For Activation Functions

import numpy as np
import tensorflow as tf

# Activation Functions

# 1. ReLU
def relu(x):
    return tf.nn.relu(x)  # or np.maximum(0, x) for NumPy

# 2. Leaky ReLU
def leaky_relu(x, alpha=0.01):  # alpha is the leak coefficient
    return tf.maximum(alpha * x, x) # or np.where(x > 0, x, x * alpha) for NumPy


# 3. Sigmoid
def sigmoid(x):
    return tf.sigmoid(x) # or 1 / (1 + np.exp(-x)) for NumPy


# 4. Tanh
def tanh(x):
    return tf.tanh(x) # or np.tanh(x) for NumPy


# 5. Softmax
def softmax(x):
    return tf.nn.softmax(x) # or np.exp(x) / np.sum(np.exp(x), axis=-1, keepdims=True) for NumPy


# 6. ELU (Exponential Linear Unit)
def elu(x, alpha=1.0):  # alpha is a hyperparameter
  return tf.nn.elu(x)  # TensorFlow handles ELU directly


# 7. SELU (Scaled Exponential Linear Unit)
def selu(x):
    alpha = 1.673
    scale = 1.0507
    return scale * tf.where(x >= 0.0, x, alpha * tf.exp(x) - alpha)

For Loss Functions

# 1. MSE (Mean Squared Error)
def mse(y_true, y_pred):
    return tf.reduce_mean(tf.square(y_true - y_pred)) # or np.mean(np.square(y_true - y_pred)) for NumPy

# 2. Binary Cross-Entropy
def binary_crossentropy(y_true, y_pred):
    return tf.reduce_mean(tf.keras.losses.binary_crossentropy(y_true, y_pred))

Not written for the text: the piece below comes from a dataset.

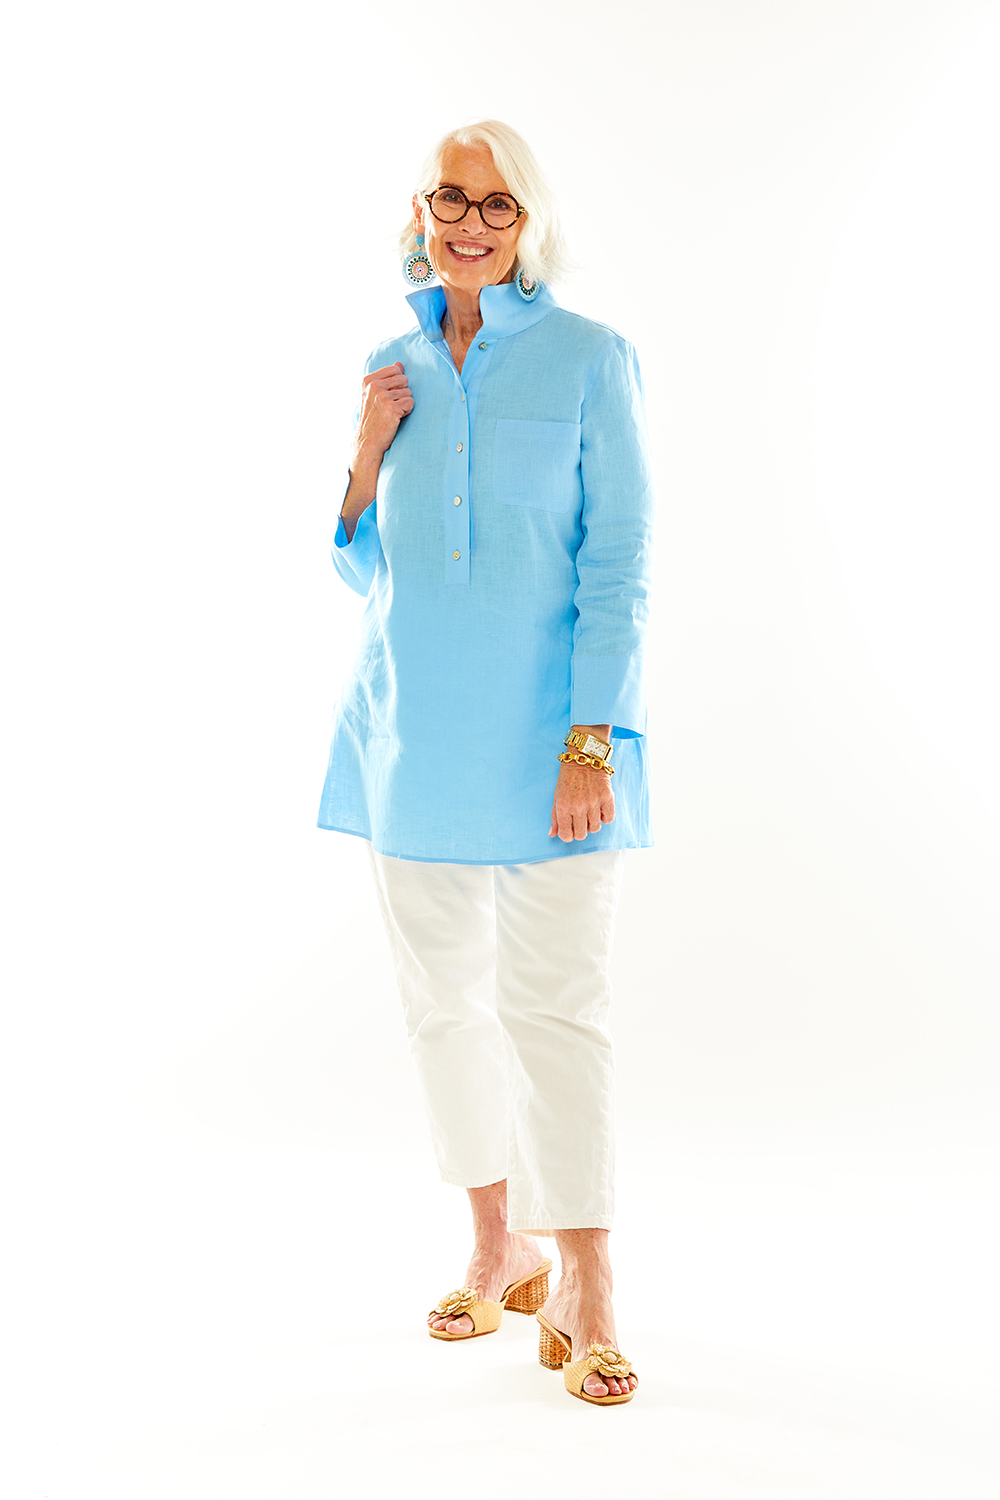 Woman in pacific blue tunic

# 3. Focal Loss (requires a bit more setup)
def focal_loss(y_true, y_pred, gamma=2.0, alpha=0.25):
    y_pred = tf.clip_by_value(y_pred, 1e-7, 1.0 - 1e-7) # avoid numerical instability
    pt_1 = tf.where(tf.equal(y_true, 1), y_pred, tf.ones_like(y_pred))
    pt_0 = tf.where(tf.equal(y_true, 0), y_pred, tf.zeros_like(y_pred))
    return -tf.reduce_sum(alpha * tf.pow(1. - pt_1, gamma) * tf.math.log(pt_1)) - tf.reduce_sum((1 - alpha) * tf.pow(pt_0, gamma) * tf.math.log(1. - pt_0))

# 4. Huber Loss
def huber_loss(y_true, y_pred, delta=1.0):
    return tf.reduce_mean(tf.keras.losses.huber(y_true, y_pred, delta=delta))

# 5. Hinge Loss
def hinge_loss(y_true, y_pred):  # For multi-class, use categorical_hinge
    return tf.reduce_mean(tf.keras.losses.hinge(y_true, y_pred))

Example of using the functions (TensorFlow)

x = tf.constant([-2.0, -1.0, 0.0, 1.0, 2.0])
print("ReLU:", relu(x))

y_true = tf.constant([0, 1, 0, 1, 1])
y_pred = tf.constant([0.1, 0.9, 0.2, 0.8, 0.7])
print("Binary Cross-Entropy:", binary_crossentropy(y_true, y_pred).numpy())


# Example with NumPy (replace tf functions with their NumPy equivalents
x_np = np.array([-2.0, -1.0, 0.0, 1.0, 2.0])
print("NumPy ReLU:", np.maximum(0, x_np))


y_true_np = np.array([0, 1, 0, 1, 1])
y_pred_np = np.array([0.1, 0.9, 0.2, 0.8, 0.7])
print("NumPy MSE:", np.mean(np.square(y_true_np - y_pred_np)))

Activation-Loss Pairings

Common effective combinations:

Softmax + Categorical Cross-Entropy
Sigmoid + Binary Cross-Entropy
Linear + MSE/Huber
ReLU/ELU + Any Loss (hidden layers)

Conclusion

The activation and loss functions are foundational to deep learning models. Activation functions introduce non-linearity and control the signal flow, while loss functions guide the optimization process, quantifying the difference between predictions and target values. The choice of these functions directly impacts a model’s convergence rate, accuracy, and overall performance on specific tasks.